Peritoneal fibrosis was induced by injection of chlorhexidine gluconate (CG) into the peritoneal cavity of mice every other day for 3 weeks. An analog of vitamin D, 22-oxacalcitriol (OCT), was administered subcutaneously daily from initiation of the CG injections. The peritoneal tissue was excised at 3 weeks. Changes in morphology were assessed by hematoxylin and eosin staining. Expression of VDR, alpha smooth muscle actin (as a marker of myofibroblasts), type III collagen, transforming growth factor β(TGF-β), phosphorylated Smad2/3, F4/80 (as a marker of macrophages), and monocyte chemoattractant protein-1 (MCP-1) was examined by immunohistochemistry. Southwestern histochemistry was used to detect activated nuclear factor κB (NF-κB).

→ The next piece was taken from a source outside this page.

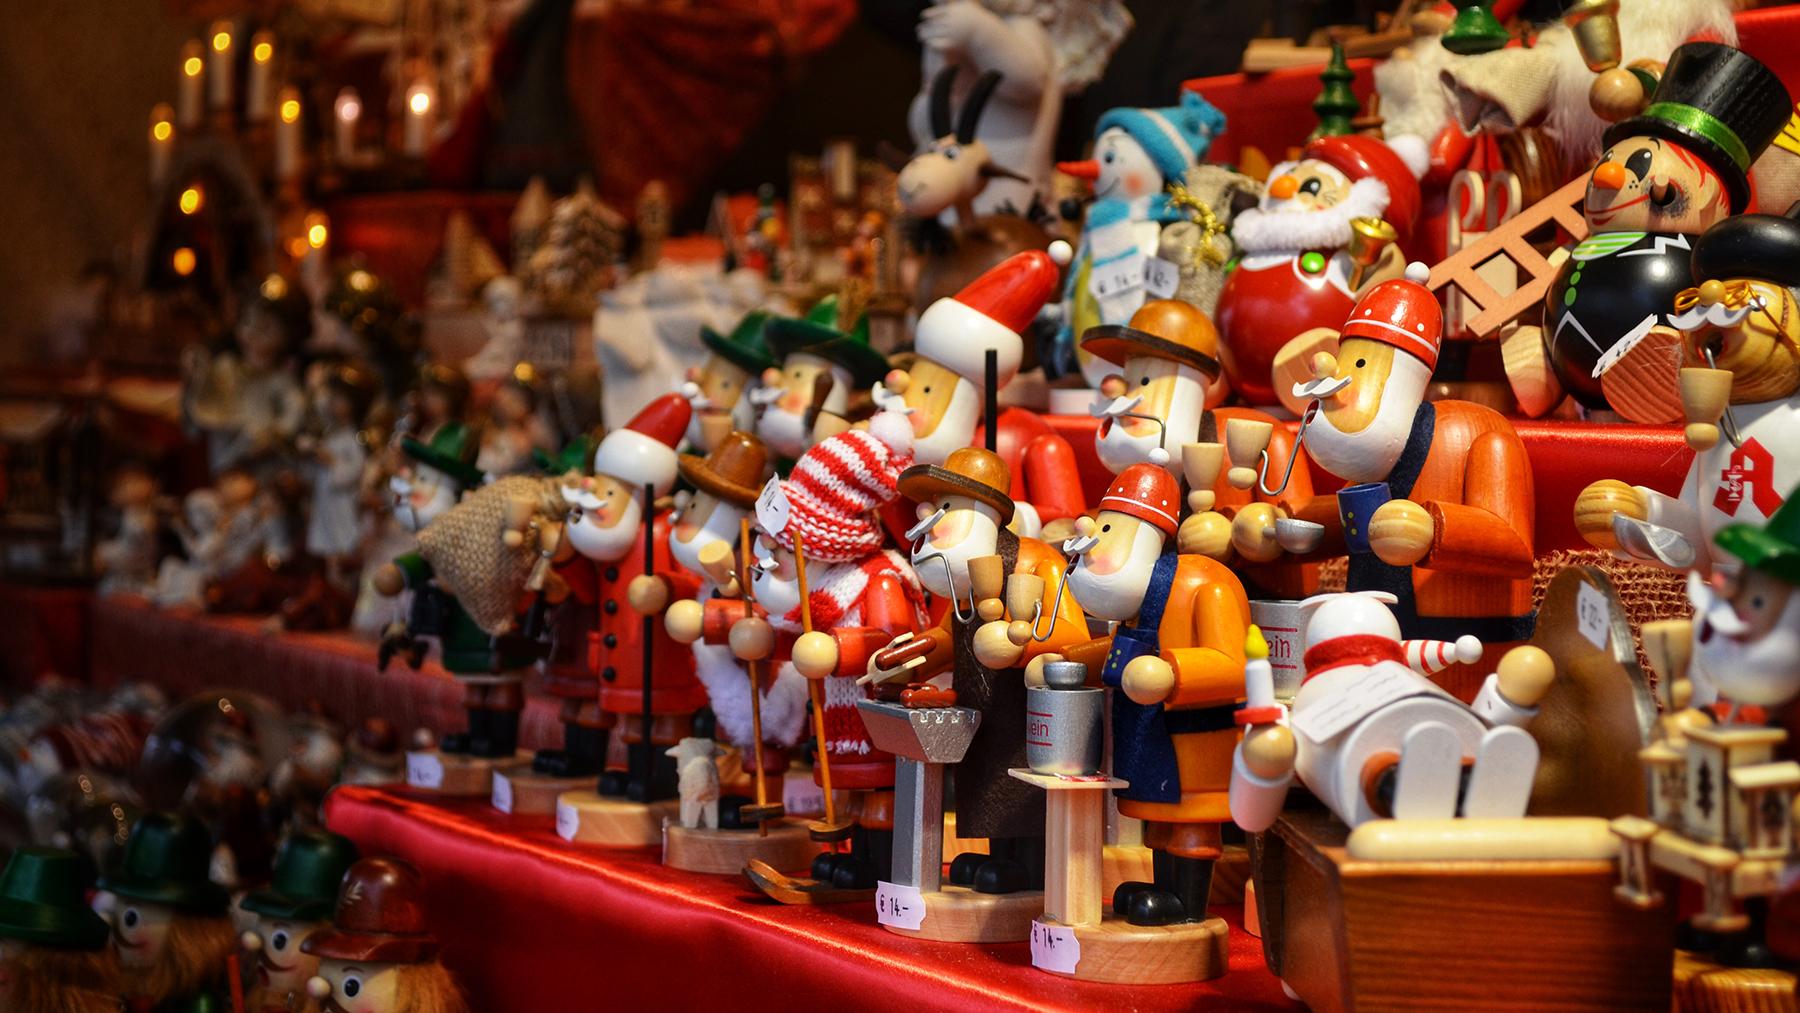 mercadillo navideño, christkindlmarkt munich

In the CG-injected mice, immunohistochemical analysis revealed expression of VDR in mesothelial cells, myofibroblasts, and macrophages in the thickened submesothelial zone. Treatment with OCT significantly prevented peritoneal fibrosis and reduced the accumulation of type III collagen in CG-treated mice. Among the markers of fibrosis, the numbers of myofibroblasts, cells positive for TGF-β, and cells positive for phosphorylated Smad2/3 were significantly decreased in the OCT-treated group compared with the vehicle-treated group. Furthermore, OCT suppressed inflammatory mediators of fibrosis, as shown by the reduced numbers of activated NF-κB cells, macrophages, and MCP-1-expressing cells.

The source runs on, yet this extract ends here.